# Proof that there is no closed knight tour on a $3\ \times\ 8$ - board

I want to prove that there is no closed knight tour on a $3\ \times\ 8$ - board by deleting $s$ vertices of the corresponding knight graph to get a graph with more than $s$ connected components (which would prove that it is not hamiltonian), but I did not succeed so far.

Who can help ?

• Actually, the hint I wrote before is not entirely sufficient. Hopefully this observation helps anyway: suppose the board is the A1-C8 rectangle on a standard chessboard. Consider the squares A1 and C1. A part of the cycle through them is basically forced. Next, it might be a good idea to consider the square B1. – Dejan Govc Aug 28 '14 at 16:51
• Maybe, there is another way to prove my claim, but the way I propose would be most elegant and easy to see, if it would work.
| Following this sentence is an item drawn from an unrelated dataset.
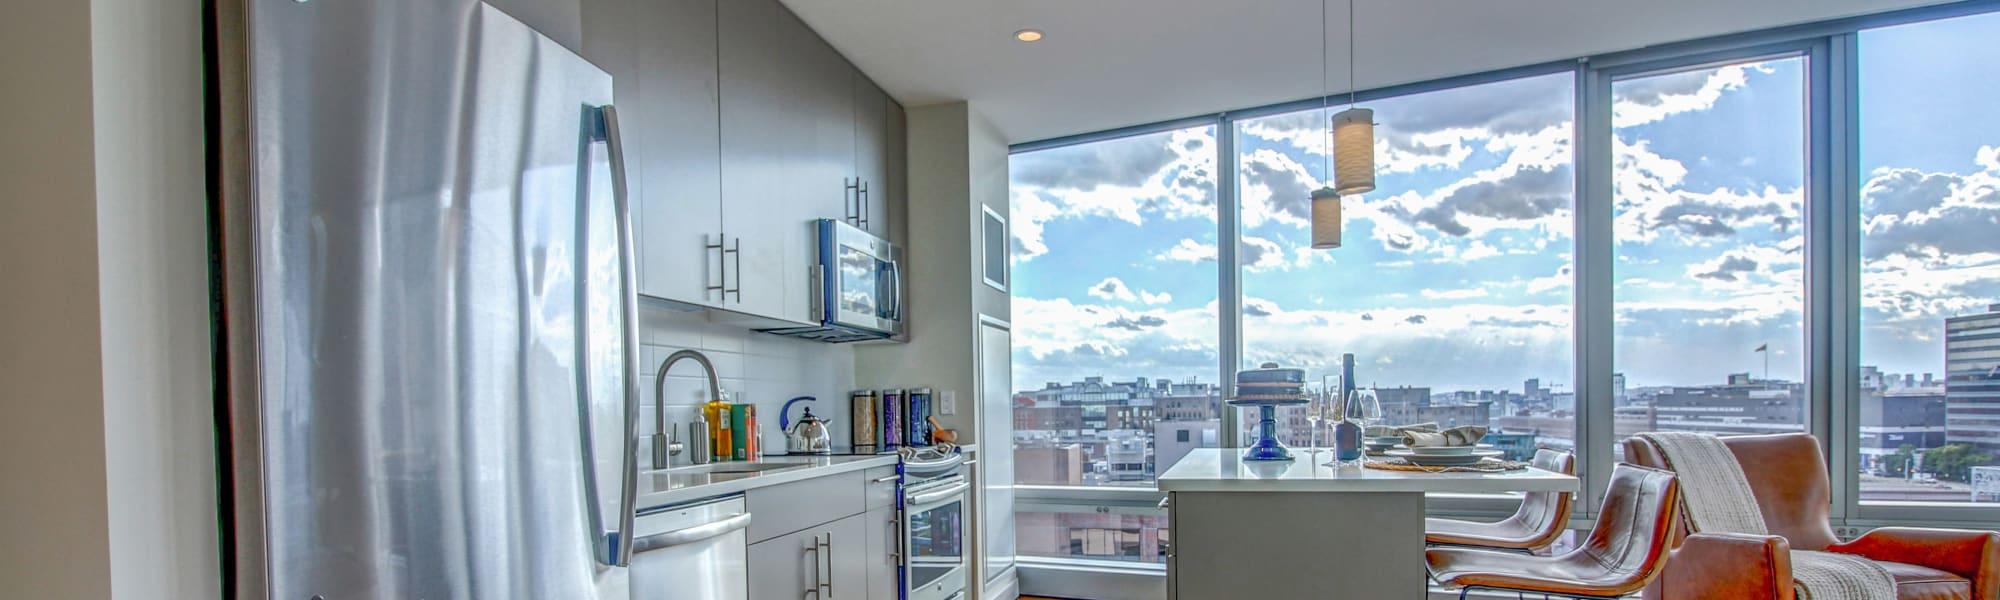 apartment features at The Benjamin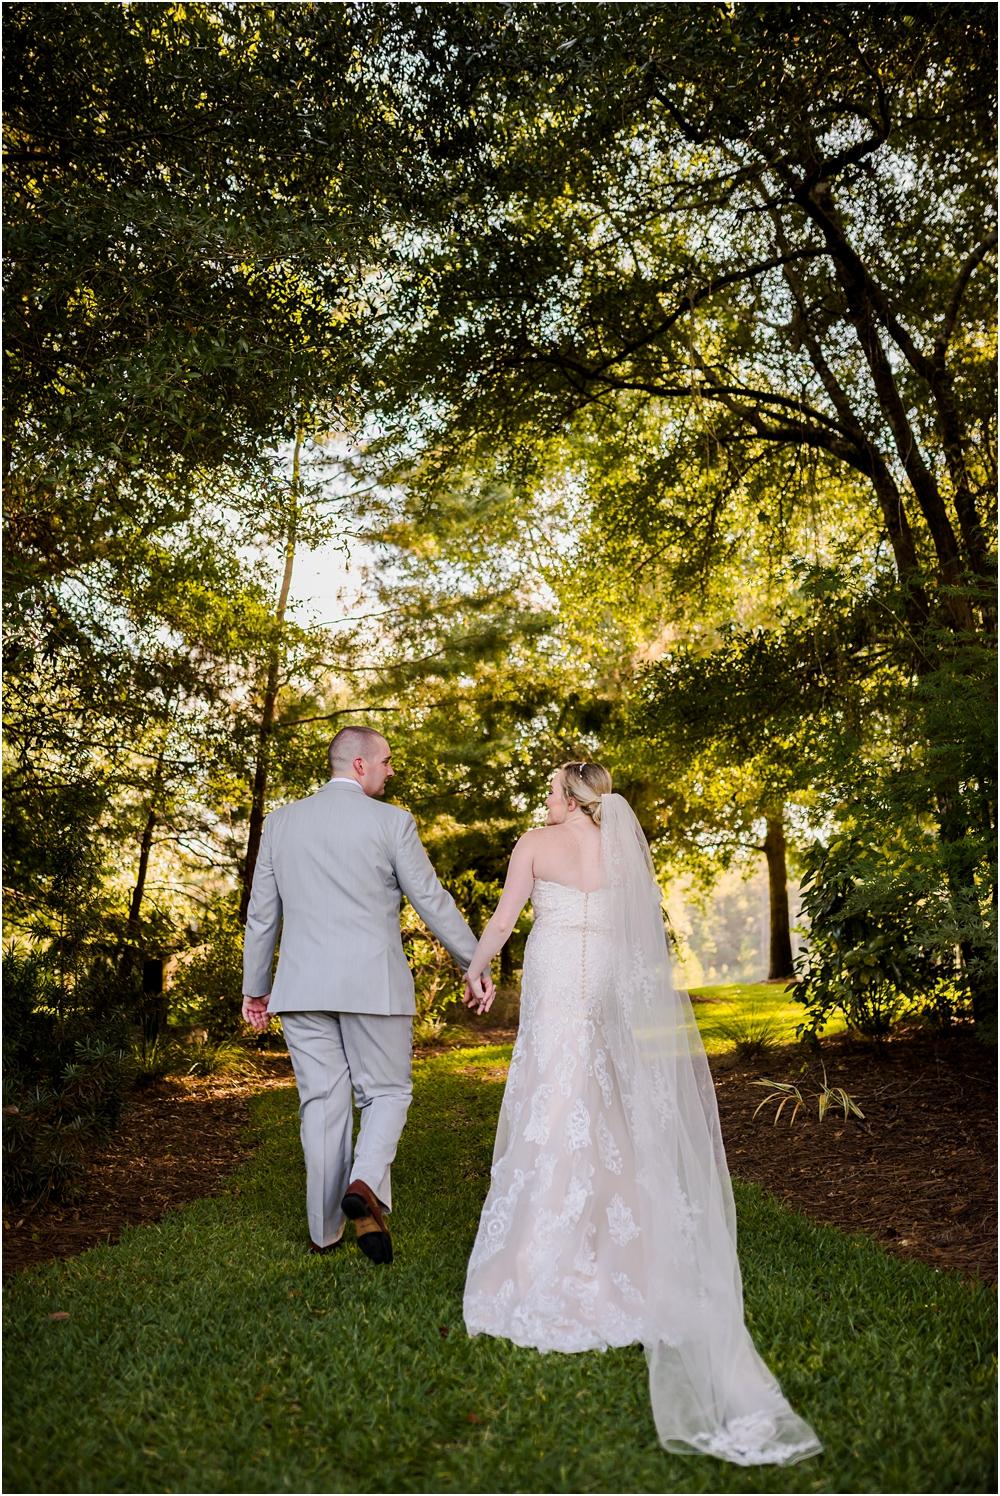 matthew-wedding-kiersten-stevenson-photography-30a-panama-city-beach-dothan-tallahassee-(149-of-579).JPG

A direct proof requires many cases here, and the danger is that some potential hamilton circle is overseen. – Peter Aug 28 '14 at 17:14
• It is well possible (even likely), that my method is not possible in this case. Are there any more useful NECESSARY conditions for the existence of a hamilton-cycle ? – Peter Aug 30 '14 at 11:26

Label the squares $$\begin{array}{cccccccc}1 & 4 & 7 & 10 & 13 & 16 & 19 & 22\\ 2 & 5 & 8 & 11 & 14 & 17 & 20 & 23\\ 3 & 6 & 9 & 12 & 15 & 18 & 21 & 24\end{array}$$ There are only two moves from 1, so the path must include 8 1 6. Similarly, there are only two from 3, so it must include 8 3 4, and hence 4 3 8 1 6. Similarly, there are only two from 2, so it must include 7 2 9. If the path includes 4 9 and 6 7, then we have the closed path 4 3 8 1 6 7 2 9 4. Contradiction, so it can include at most one of 4 9 and 6 7. Similarly, it can include at most one of 4 11 and 6 11. But it must include one of 4 9 and 4 11 and one of 6 7 and 6 11. So wlog it includes 6 11 and 4 9. So we have 11 6 1 8 3 4 9 2 7.